Mas como os “pesquisadores” que estudam o agro com esses parâmetros explicam o fato de que a maior parte da produção de tabaco é realizada pela agricultura familiar? Bem, ou eles simplesmente omitem esse fato – tal e qual acontece nas tabelas do suplemento especial do Censo Agropecuário 2006 sobre agricultura familiar -, ou então sugerem que o produtor familiar muitas vezes planta fumo por falta de opção. Noutros termos, justificam suas explicações apriorísticas com uma racionalização ad hoc segundo a qual muitos “camponeses” se vêm forçados a assimilar a “lógica capitalista”, ao menos parcialmente, como estratégia para resistir no meio rural.
Bem, já tive o prazer de orientar uma dissertação de mestrado sobre a cultura do fumo em Prudentópolis (PR), defendida recentemente, que desmonta essa visão falseadora e estereotipada. A pesquisadora, Andréia Vilczak, entrevistou produtores familiares desse município que são fornecedores da Souza Cruz e constatou que todas as suas decisões sobre o quê e como produzir são pautadas por uma racionalidade econômica baseada em avaliações de custos de oportunidade, rentabilidade, riscos de investimento e relação custo/benefício.

Mas não vou fazer um resumo do trabalho todo, o qual deverá ser publicado brevemente em revista científica.

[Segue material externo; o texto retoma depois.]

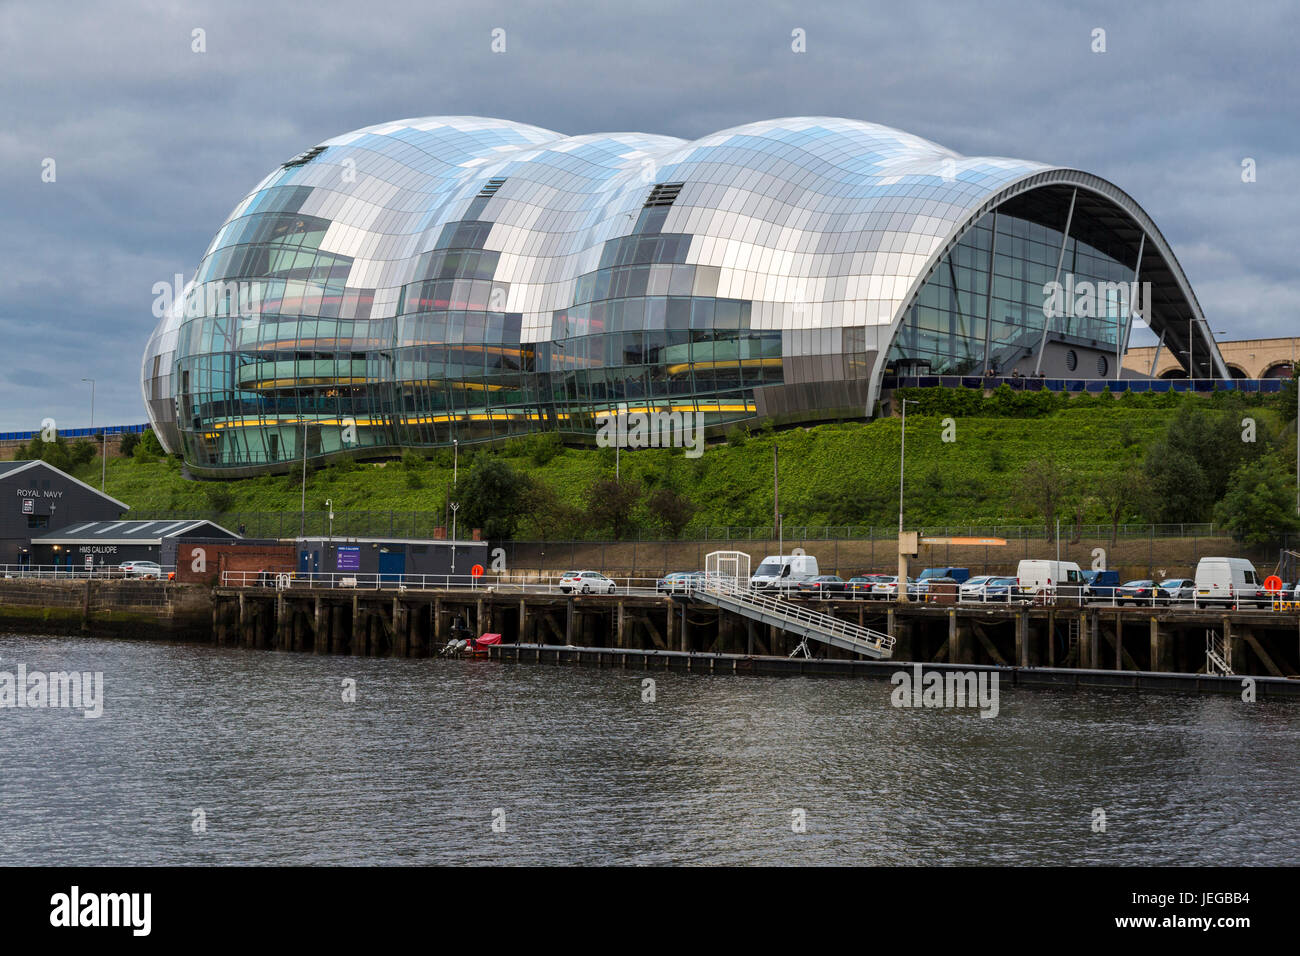 Newcastle-upon-Tyne, Angleterre, Royaume-Uni. Le Sage Gateshead en salle de concerts, de l'autre côté de la rivière Tyne. Banque D'Images

Vou apenas destacar uma passagem de entrevista, citada na dissertação, que revela os motivos que levam uma produtora familiar de Prudentópolis a preferir vender fumo para a Souza Cruz em vez de verduras para as crianças:

Eu “plantava as coisas” para a merenda escolar aqui da escola. […] nós tinha que comprar as sementes e tudo o que precisava pra produzir essas verduras […] quando levava na escola ficavam colocando defeito na minha produção […] queriam que eu levasse todo dia dez pés de alface na escola […] que lucro eu ia ter ir todo dia na escola levar só dez pés de alface? E ainda recebia só depois de 40 dias que entreguei a produção, e ainda às vezes atrasava. […] O fumo é muito cansativo, só que a gente não precisa ficar se humilhando pra comprar a produção da gente, a firma leva tudo, seja o melhor fumo, seja o pior.

Ou seja, produzir tabaco para indústrias de cigarro é um investimento seguro, pois a empresa se compromete em contrato a comprar toda a produção, e ainda oferece ganhos maiores. Em que planeta vivem esses “pesquisadores” da “agricultura camponesa”?